БЧ воют в семьсот глоток, и вой этот вызывает
в гавани дрожь и мысль о матросском бунте, именно том самом, бессмысленном и
беспощадном: успеть никак невозможно! Командир уведомляет командиров БЧ об
ответственности за бунт на борту, и через час получает графики. Согласно тем
графикам лап у матроса шесть, и растут они вместо брюха, потому что жрать до
Ленинграда будет некогда и нечего, коки и вся камбузная команда тоже будут
круглые сутки завершать последствия ремонта. — Отлично; не жрешь — быстрей
крутиться будешь.
И тут вспоминают: а красить-то, красить
когда?! Ведь ободрано все до металла!!! Командир — старпому: сука!!! Помполит —
боцману: вредим понемногу?.. Боцман: в господа бога морскую мать. — Через час
отходим!!! — Боцман: есть.
За пять минут до отхода, командир голос
сорвал, вопя по телефонам, является старпом — доклад: задача выполнена.
Командир: гигант! как?
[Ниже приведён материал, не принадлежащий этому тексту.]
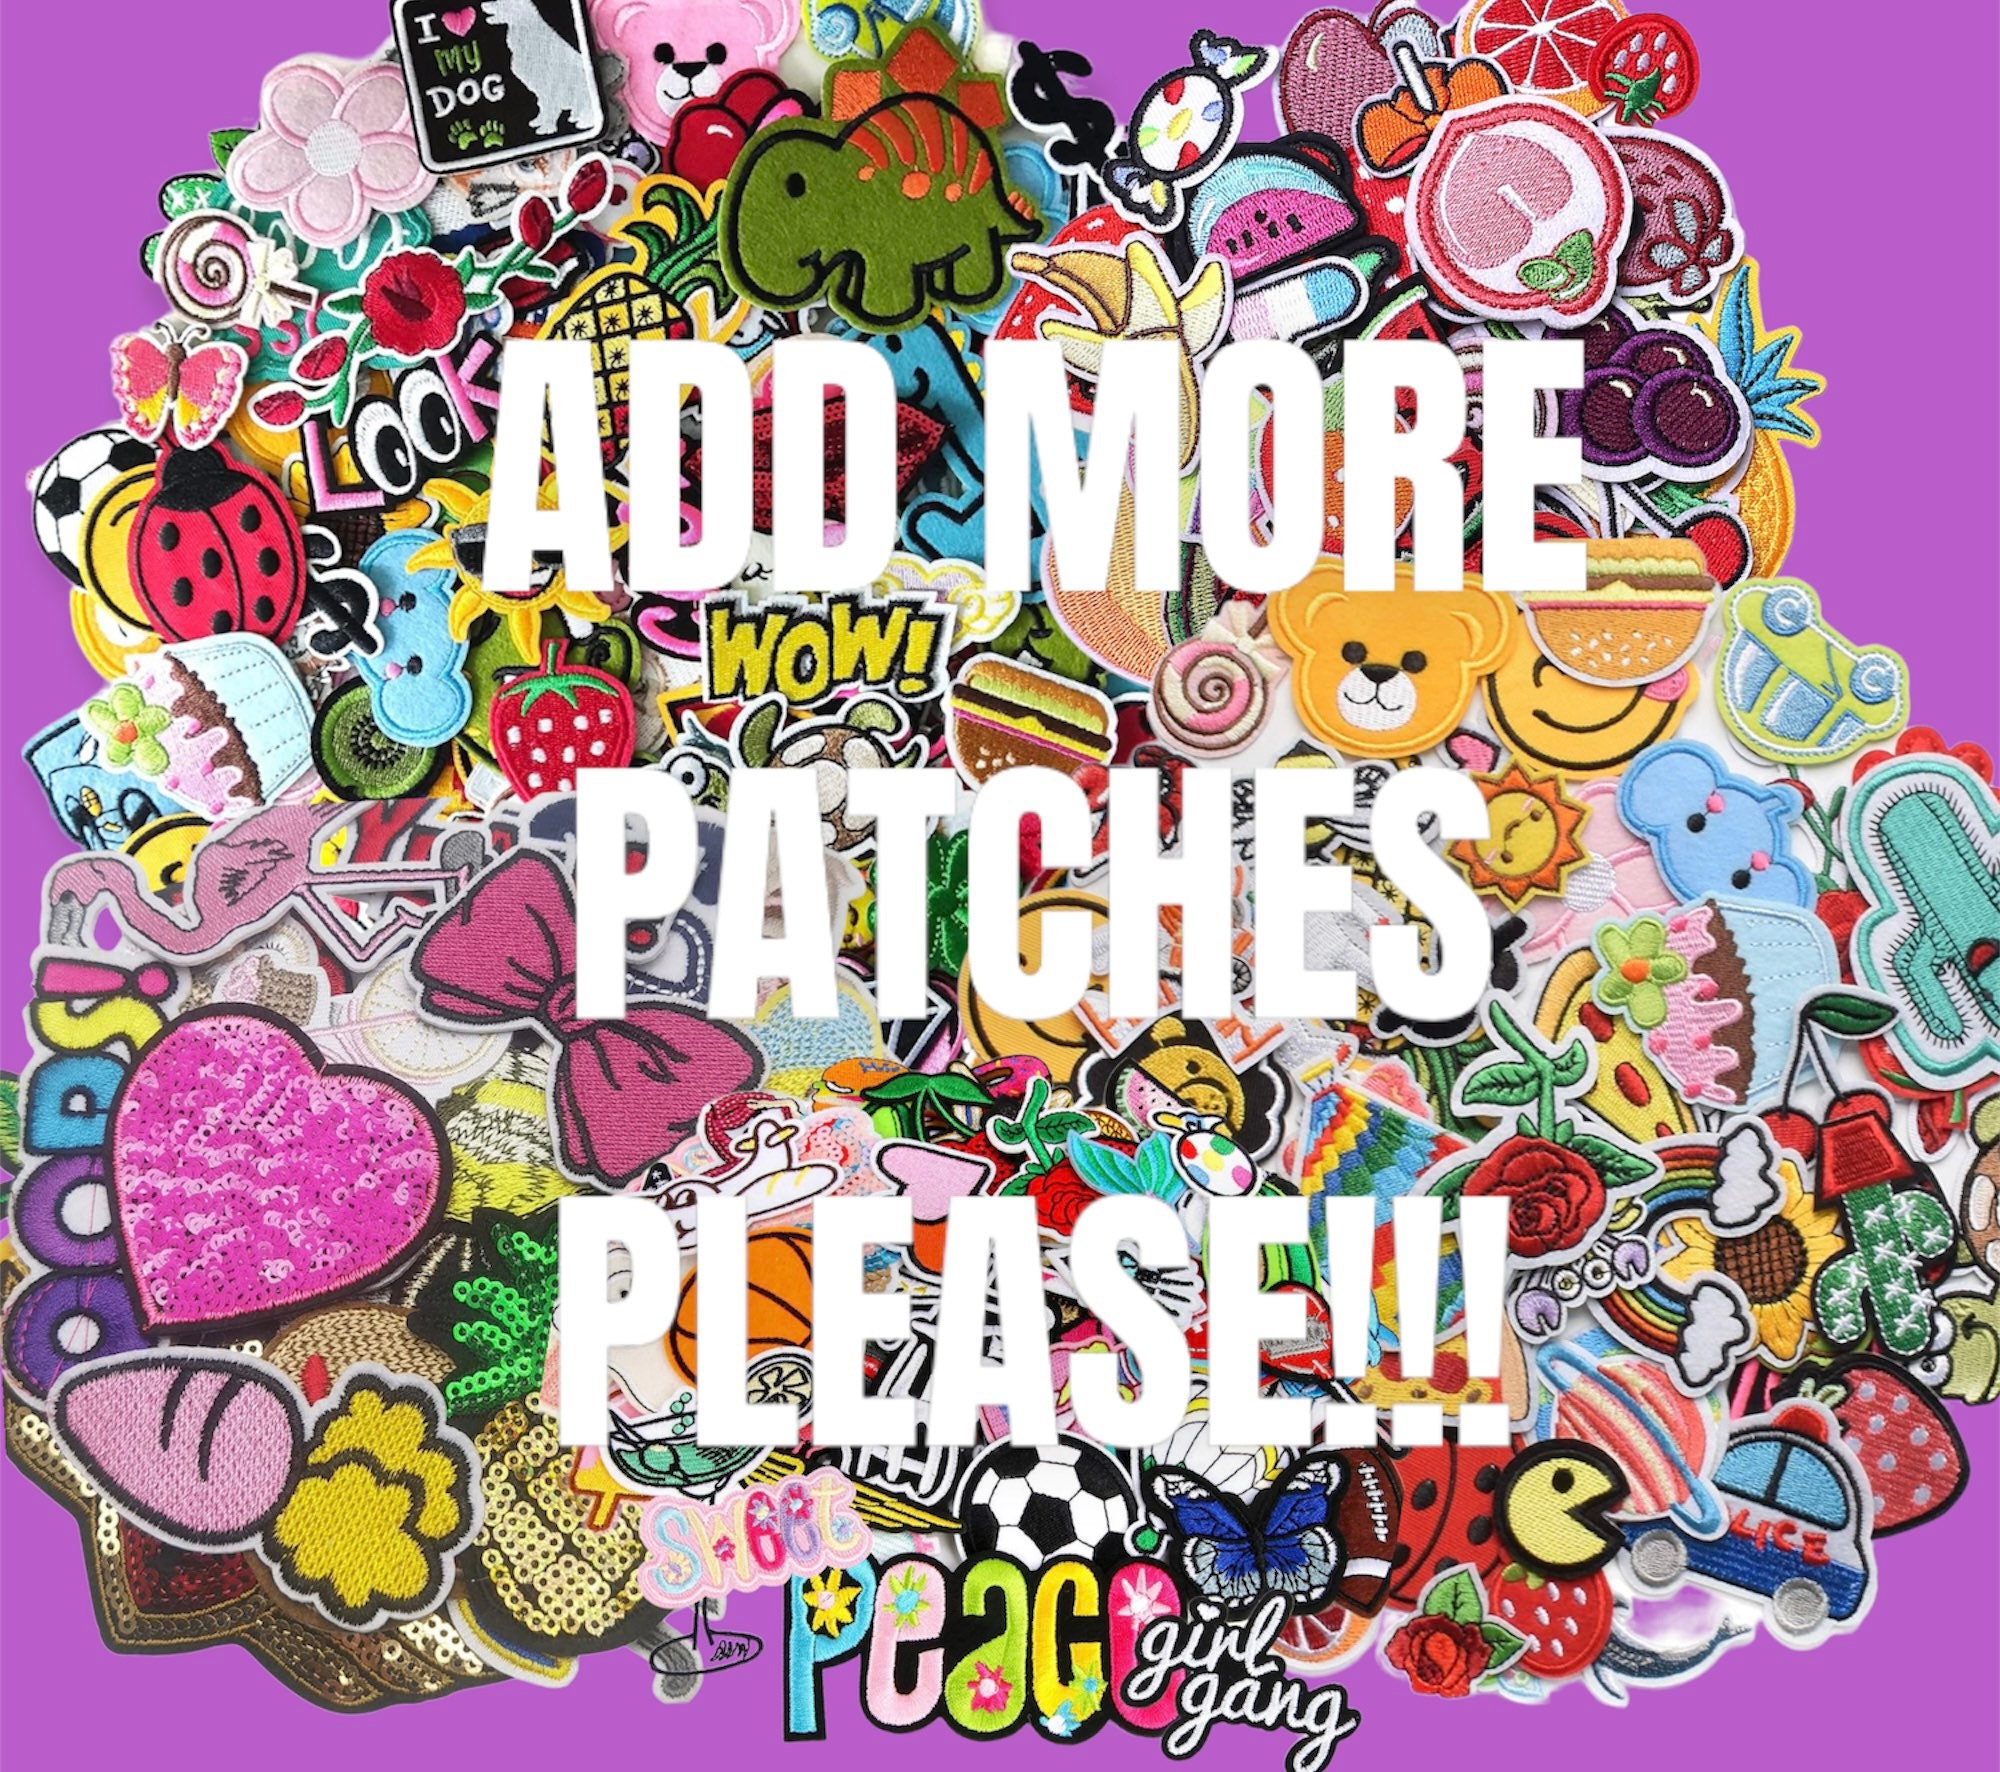 Embroidered Iron On Patches，A18 Pieces Bright Colors Cute Patches, Sew On  or Iron On Patches Applique for Clothing Jeans Jackets Pants Dress Shoes
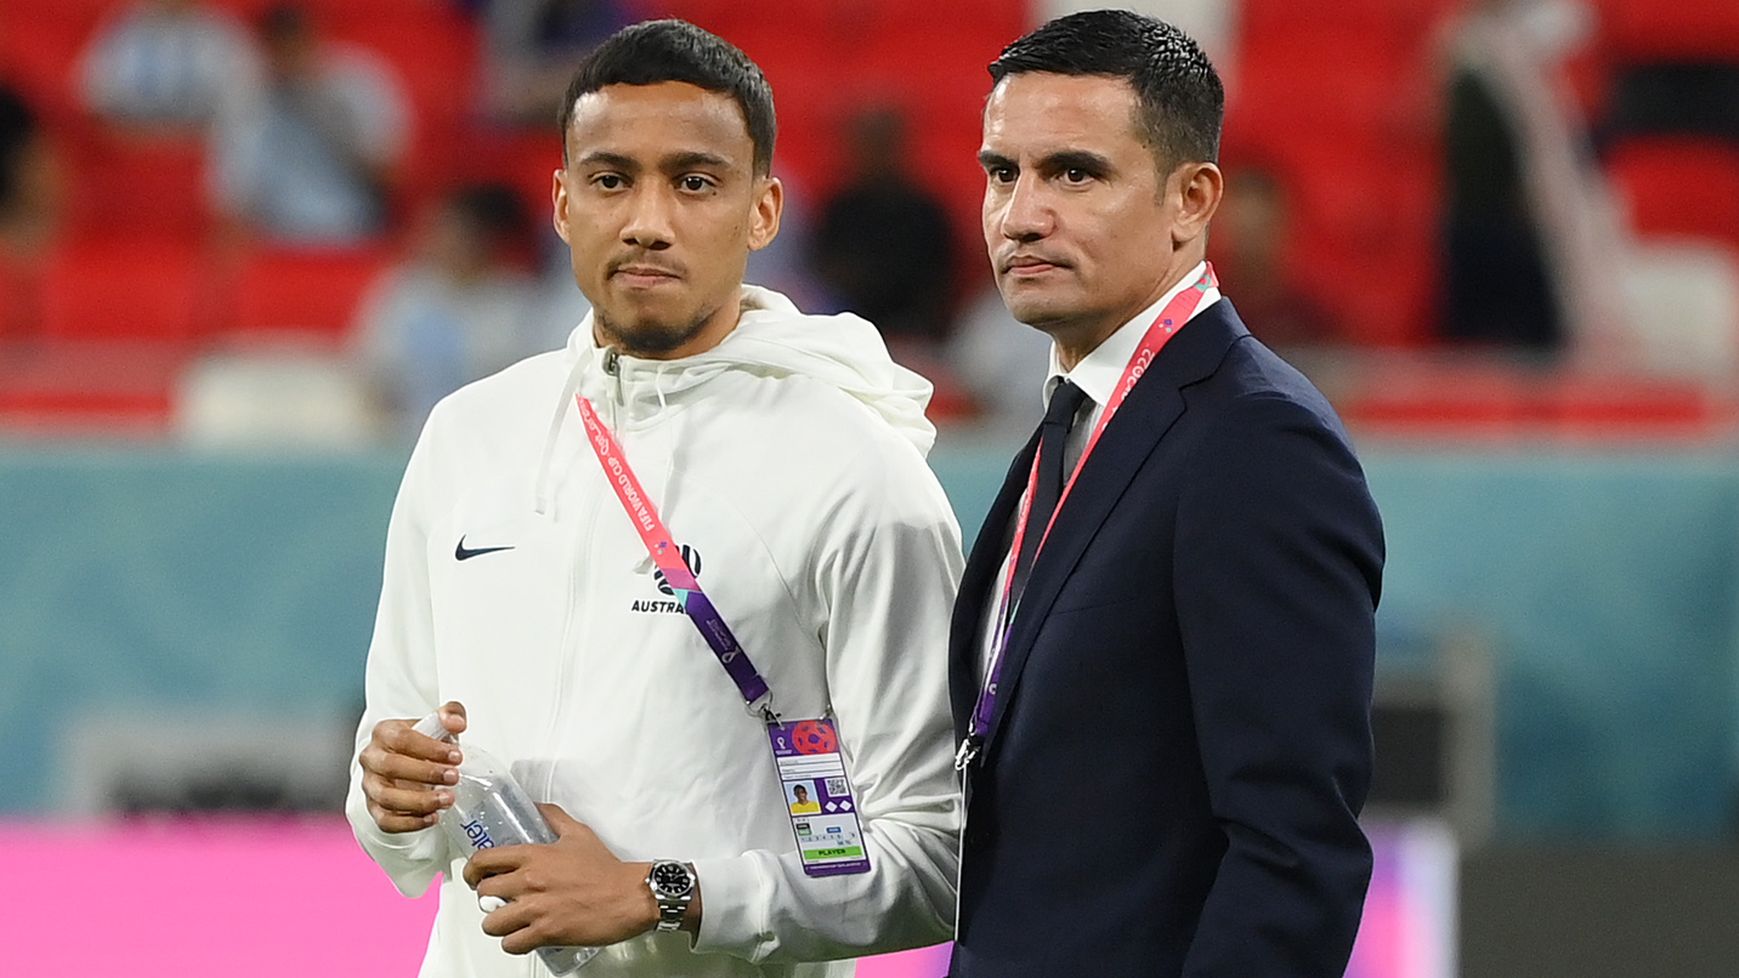 Concerning video emerges as Tim Cahill dragged away from interview after human rights question

Помполит: ну то-то же. Старпом: так и так, сводная
бригада маляров береговой базы на стенке построена. Пока мы на ходу все
доделаем, они все и покрасят, в лучшем виде. Приказ — принимать на борт?
Командир хлопает старпома по плечу, жмет руку
помполиту, утирает лоб рукавом, смотрит на часы и закуривает:
— Машине — готовность к оборотам.
Приготовиться к отдаче швартовых. Рабочих — на борт.
Старпом говорит:
— Может быть, взглянете?
— Чего глядеть-то.
А снаружи раздается какой-то странный шум.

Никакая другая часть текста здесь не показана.